S/V Windom logs
Friday, November 26, 2004
 
On the road

currently in: Santa Rosa Lake State Park, NM

It's Thanksgiving, and I have something to be thankful for: we are finally out of the house and on the road! After a week of sorting, packing, cleaning, arranging, and most importantly figuring out what exactly we will have Bob The Construction Guy do while we're gone, finally everything is sorted, packed, etc., and we are in the Arf-Vee headed south and east.

(For those of you who weren't around last trip:  the Arf-Vee got its name because when we bought it, the exterior was "decorated" with airbrushed paintings of dogs. The former owners were dog trainers; by the time we reached Burlington, VT we got sick of people asking about "our dogs" and painted over the portraits with blue and brown spray paint. Now it's, um, the Modern-Art-Vee, I guess.)

Considering that the RV has been sitting mostly unused for two years, it was a pleasant surprise to discover that most things on it still work.
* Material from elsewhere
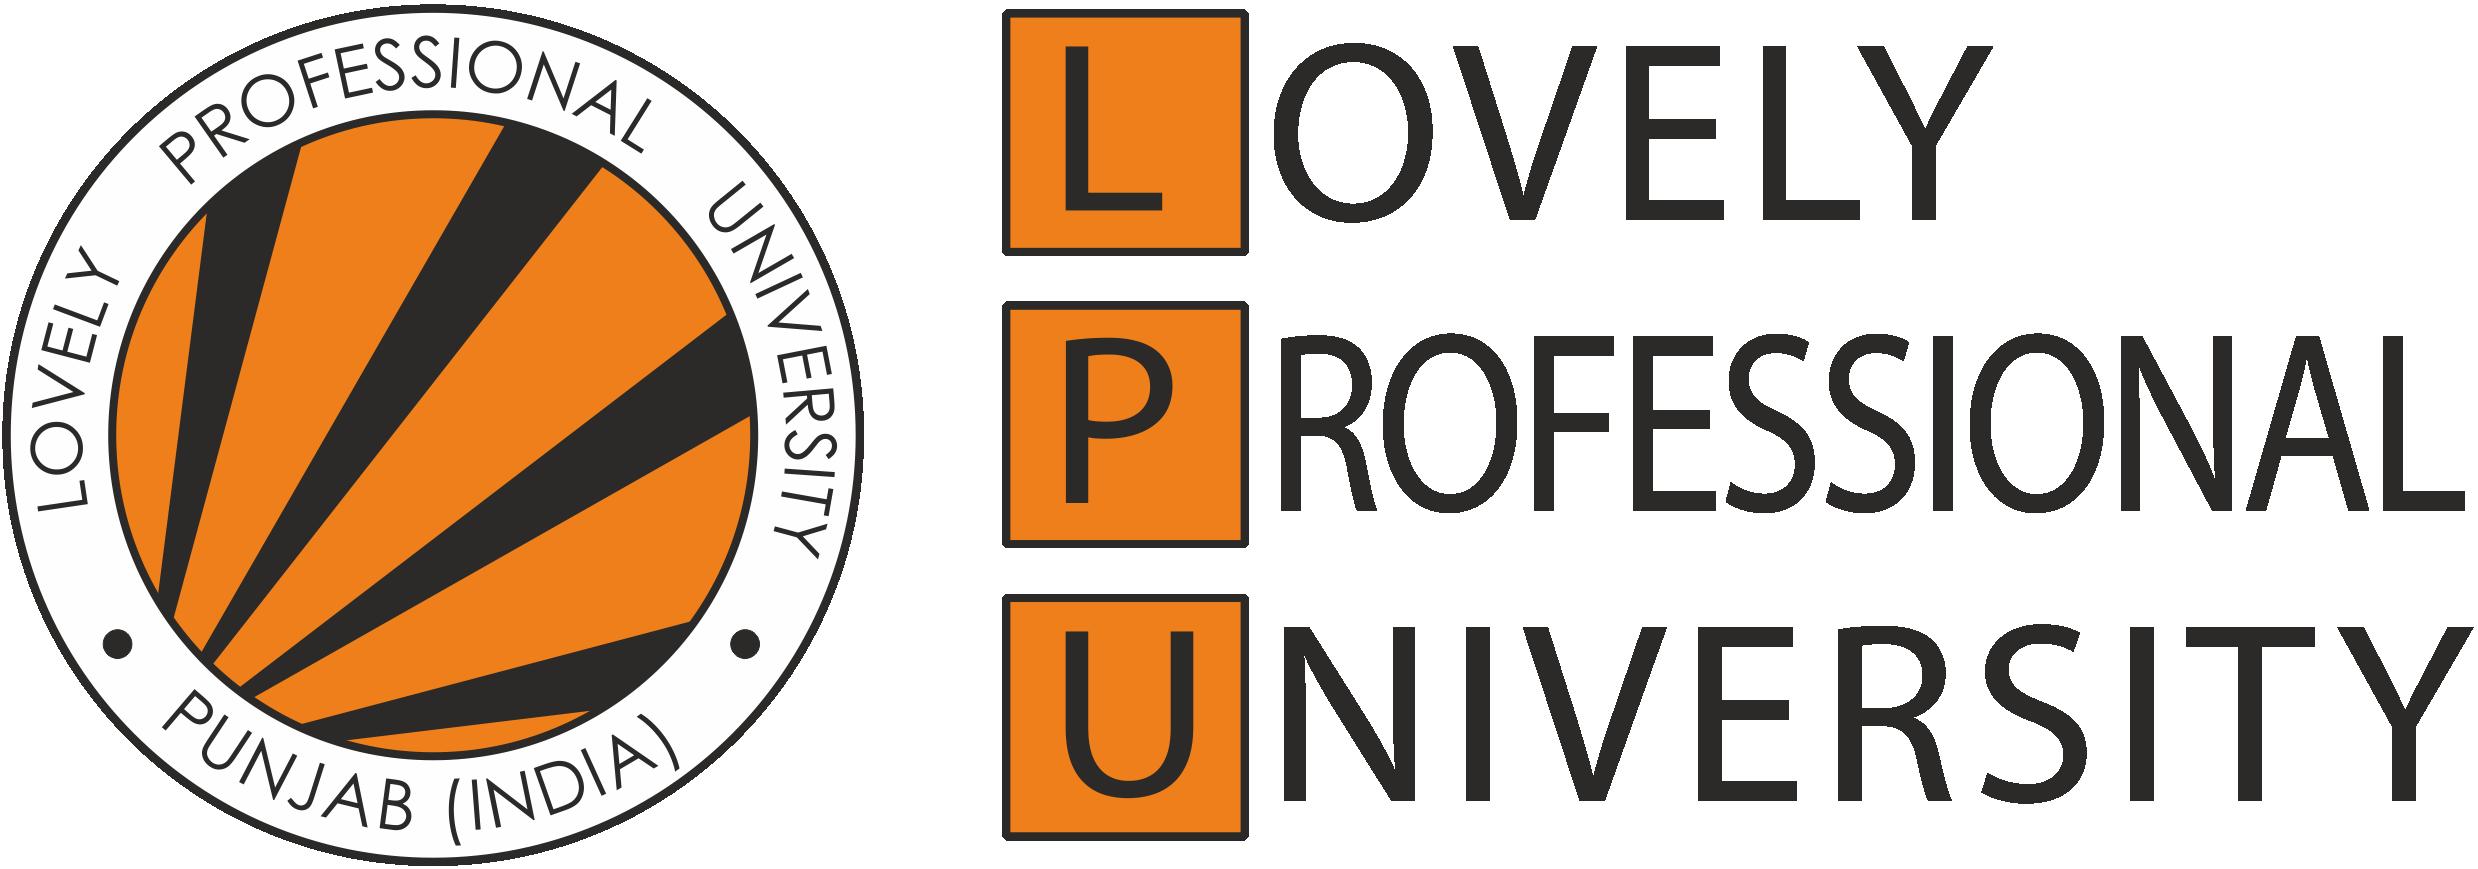 LPU Logo Lovely Professional University Previous year

Unsurprisingly, that's "most" and not "all". The fridge doesn't seem to be working on DC power (what we use when underway), and as I write this Britt is trying to modify the sink's water faucets so they have a setting between "off" and "leaking all over." I suppose we should consider this a preview of what most likely awaits us at Windom!


Saturday, November 20, 2004
 
Tyranny of The List

Back when we decided for the first time that yes, we were really going to sell everything and go sailing, we moved from a "dream" to a "plan" by the simple expedient of setting a date. That gave us something to work toward and plan for, and even though we didn't quite hit our schedule to the exact day, we were pretty darn close.

This time, we'd been talking all summer about getting on the boat again, but all we did was talk about it. Apparently "this fall" wasn't enough of a date to kick our planning into gear. So a few weeks ago we set a date:  next Tuesday. Gulp. We may not quite make that deadline, but just having one has set a fire under us, and we've been incredibly busy.

Another necessity for our planning is The List. This is because Britt is a very organized person who likes to have everything laid out for him, and because I am a very disorganized person who will not get anything done unless it's all laid out for me. So we sat down together and wrote up all the things we needed to do before we could leave Durango and head for the boat. Things like restarting our mail service (and arranging to forward from here), getting a new digital camera that can be used underwater, figuring out what remodeling work we want done by the contractor while we're gone -- 56 items in all.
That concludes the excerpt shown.